A major hurdle in getting early treatment to patients is the lack of local doctors understanding the approach.

“I’m trying to shake them up. By the time the treatment protocols being tested today are accepted guidelines, it will be two, three, five years. Maybe COVID will disappear by then, maybe it will become stronger.” She says that many doctors are hamstrung by the “guidelines. They are not practicing the art of medicine, they are practicing the guidelines. Maybe that saves you from a lawsuit, but it doesn’t save the patient.”

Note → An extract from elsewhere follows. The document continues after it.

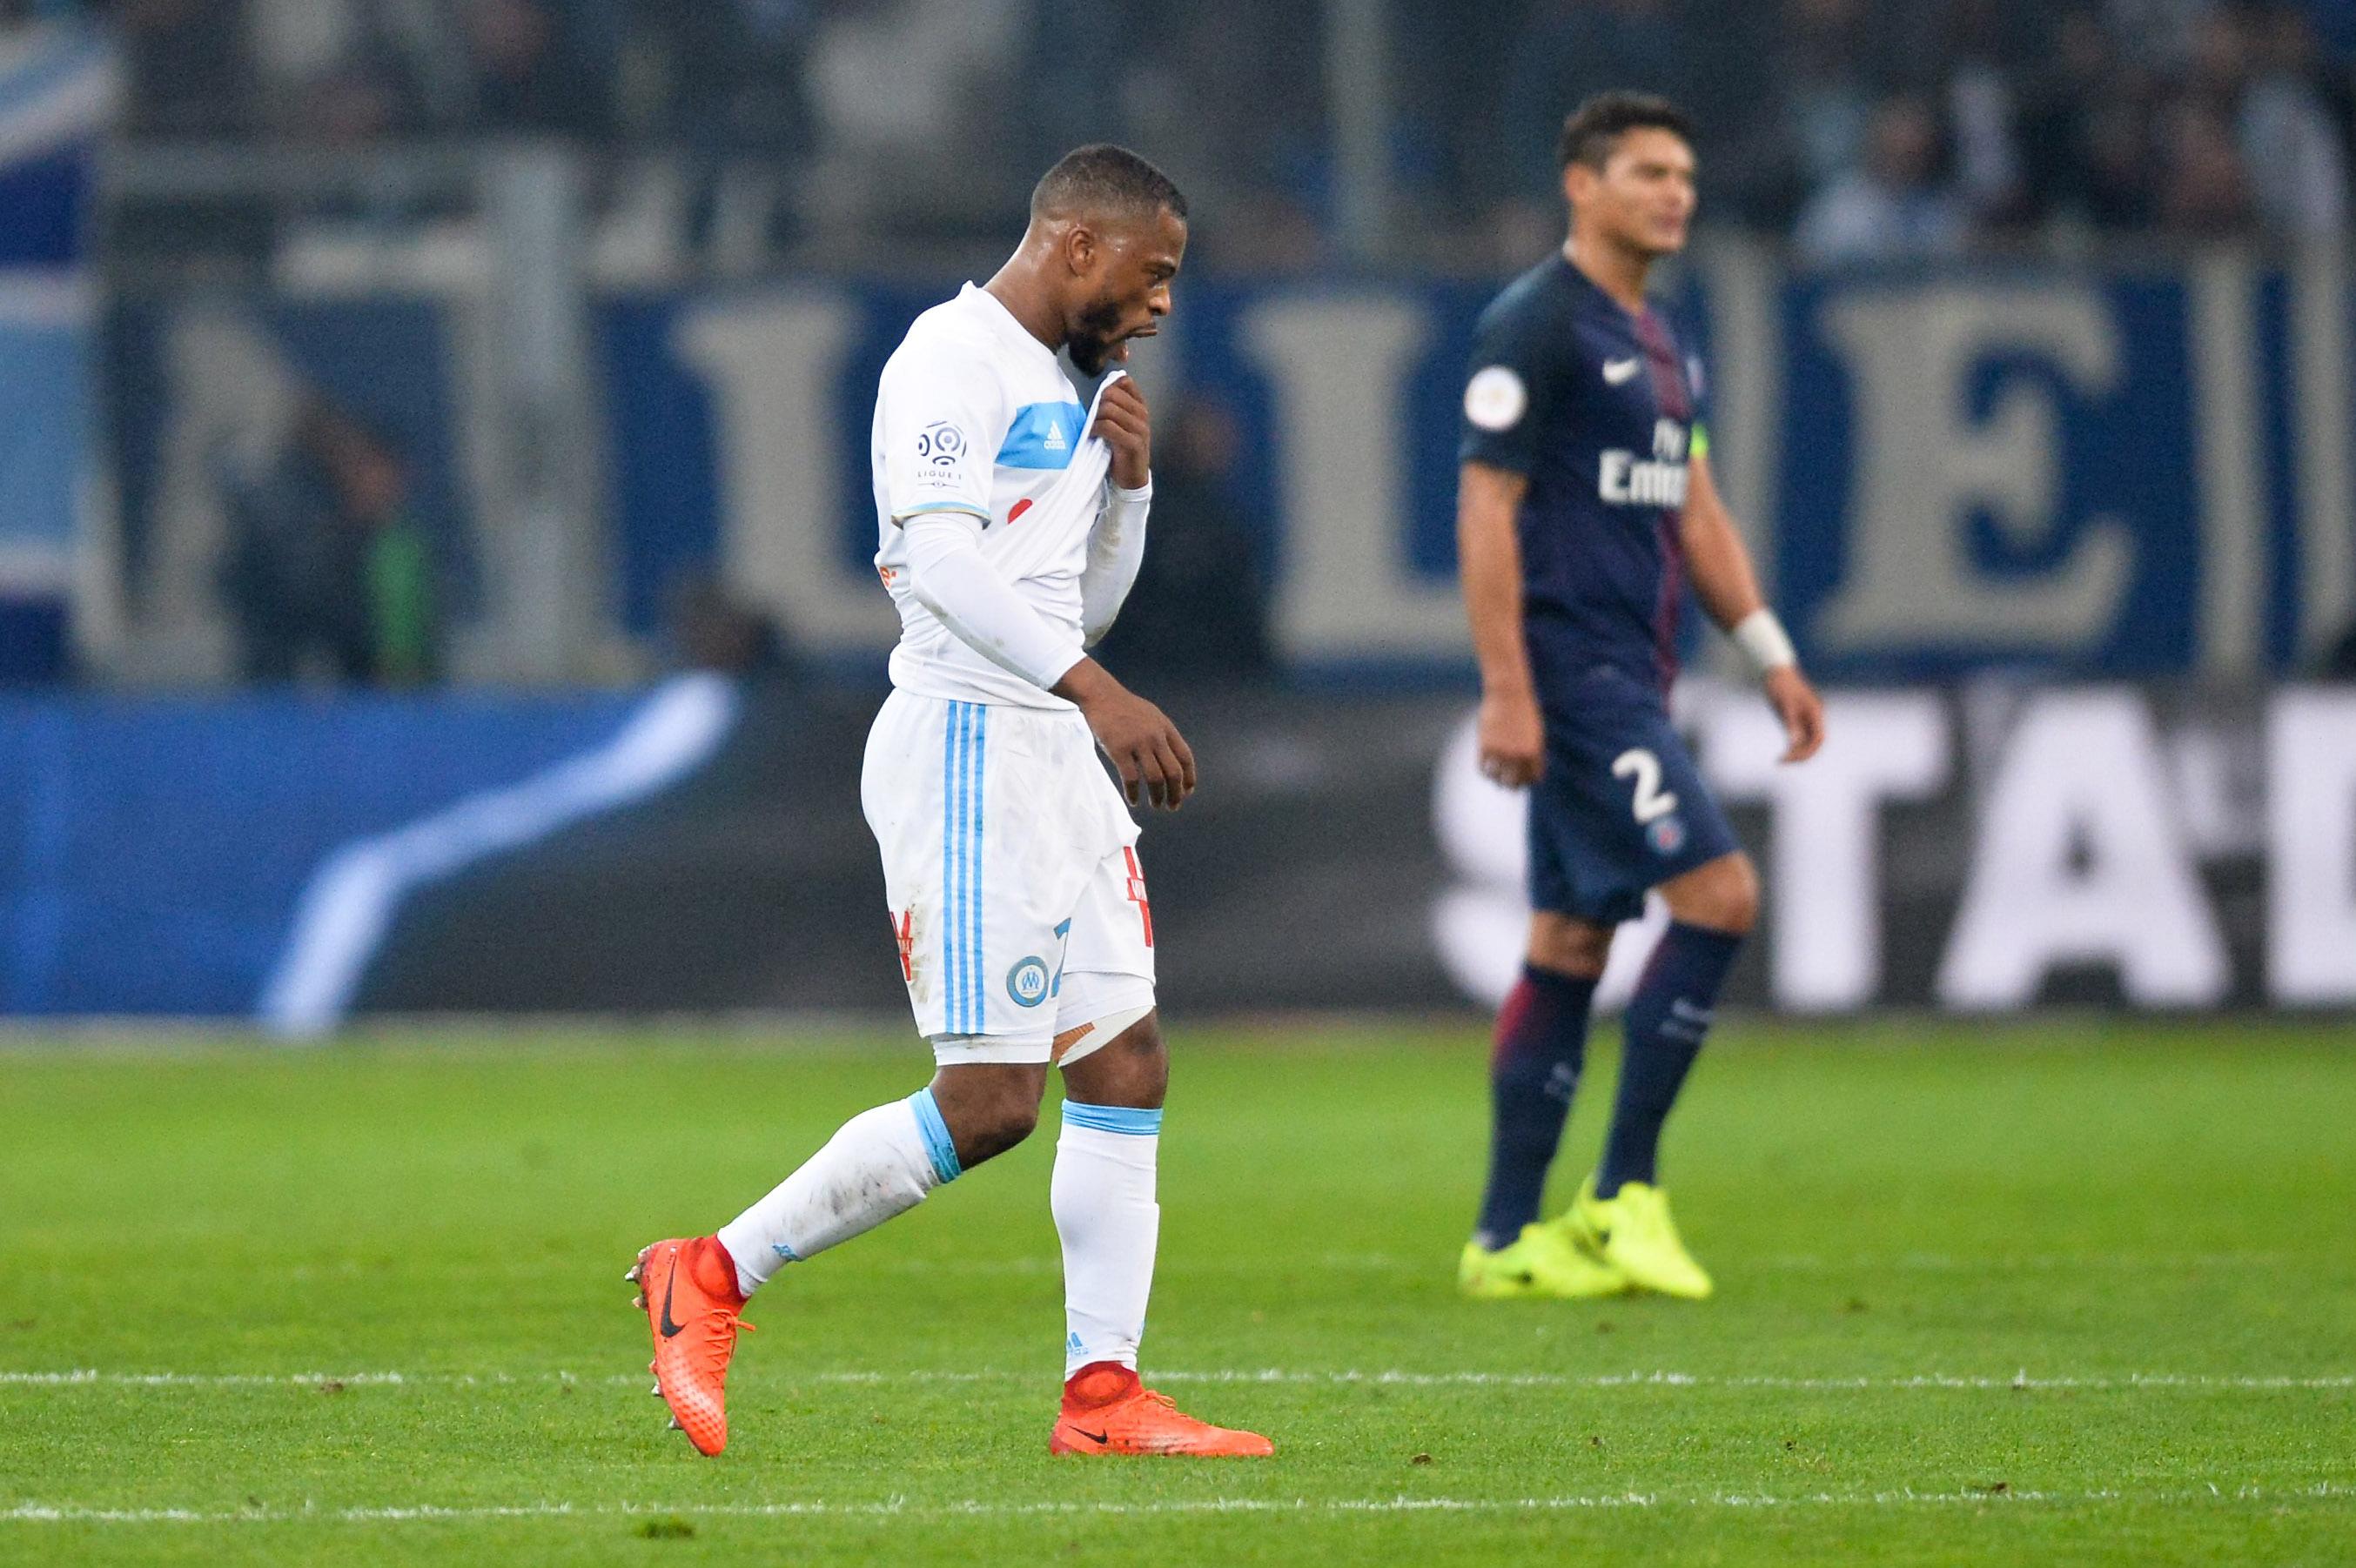 Football - Ligue 1 - OM-PSG, les notes des Marseillais : Payet a essayé, Evra était dépassé
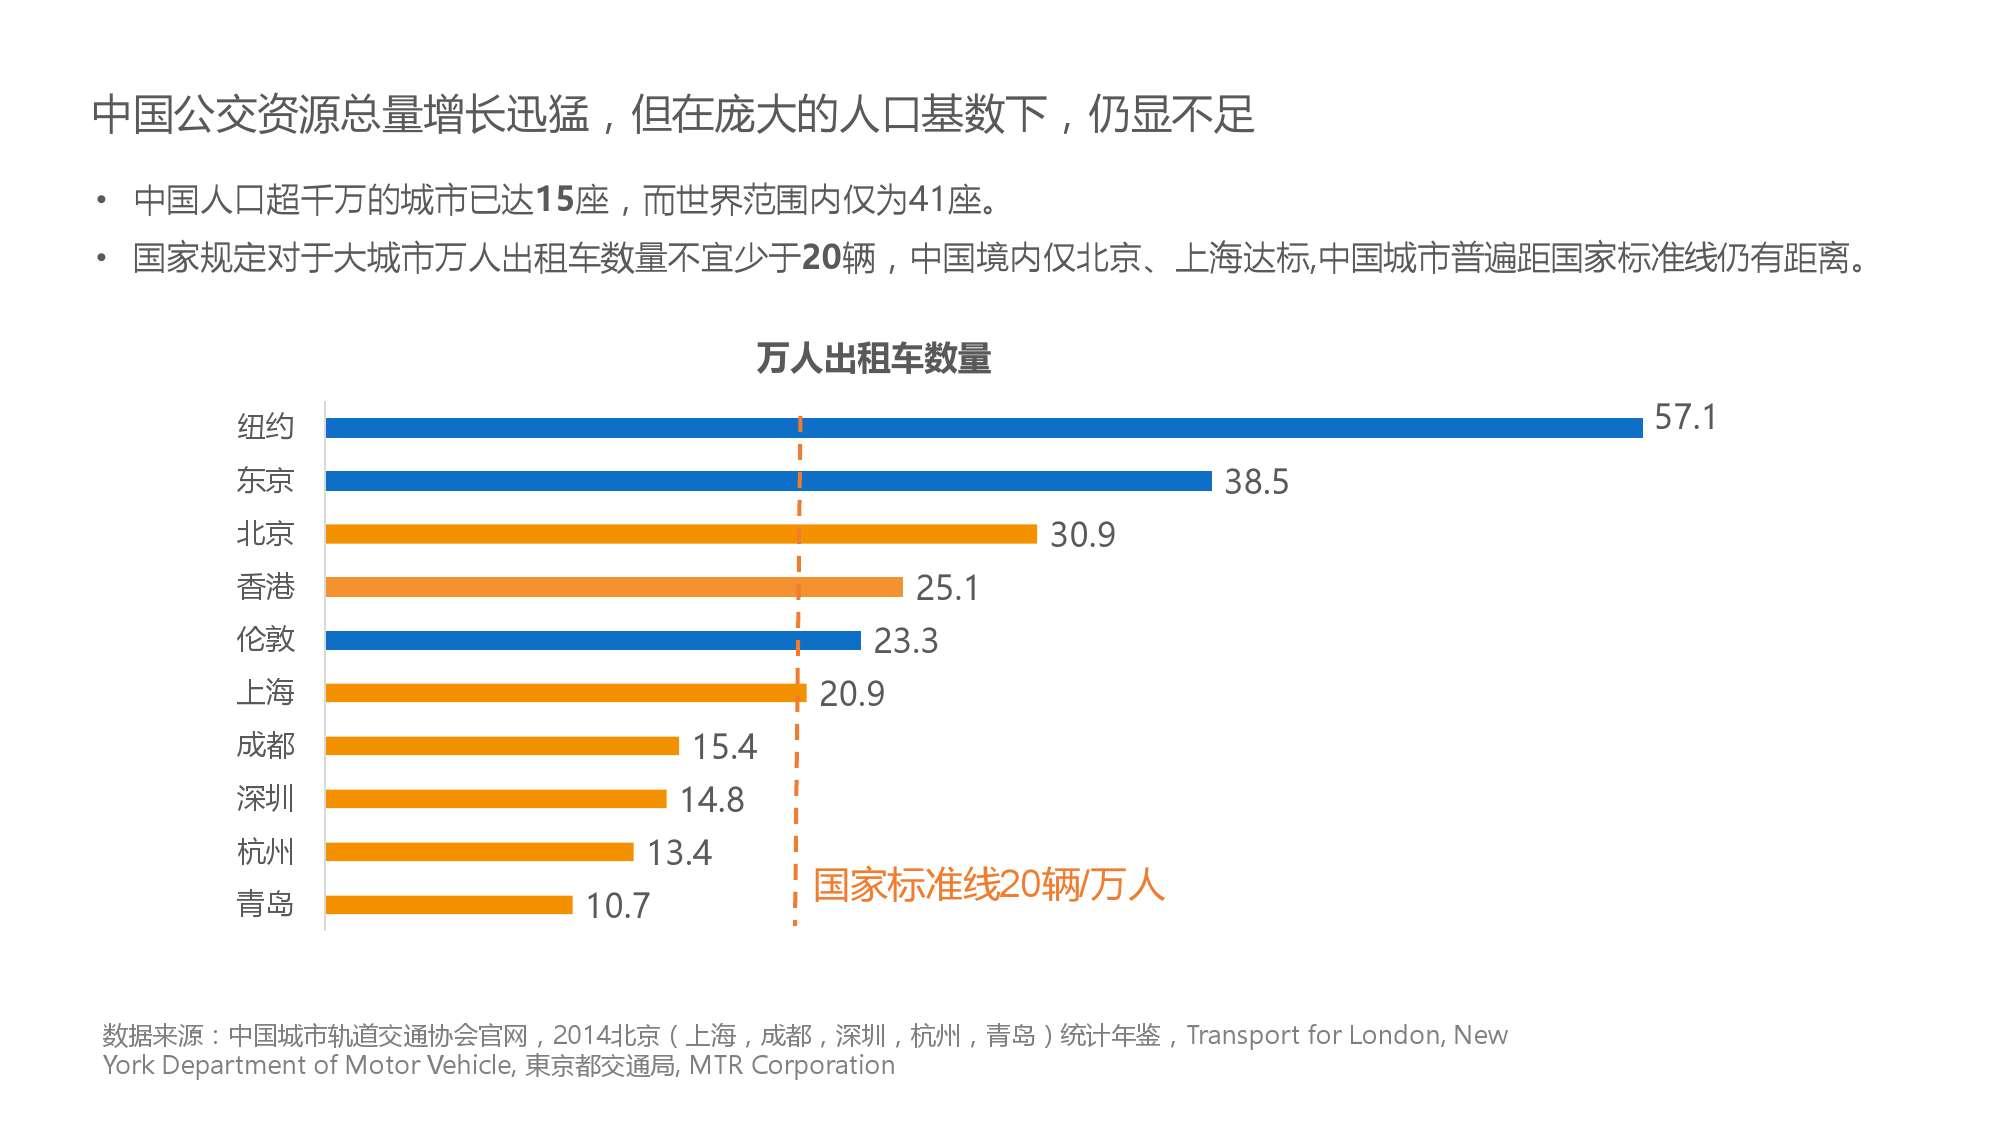 中国智能出行2015大数据报告_000028

Hazan and other doctors around the country are comfortable treating patients off-label, at home and early on for COVID. “In our aim to protect the patient we have lost the patient,” and the tendency of “not trying new treatment options allows for death of the patients. Ultimately, if we do not try and we don’t push we’ll never find answers.” The answers are within us and we must be brave enough to try for the sake of the patients but for the sake of survival of humanity. The “right to try” (when patients are begging for investigative products) is an integral part of medicine and one that remains part of the patient-doctor relationship but also part of informed consent. Informed consent protects the patients and the doctor and allows for investigative products to be attempted in a new virus that has killed hundreds of thousands of people.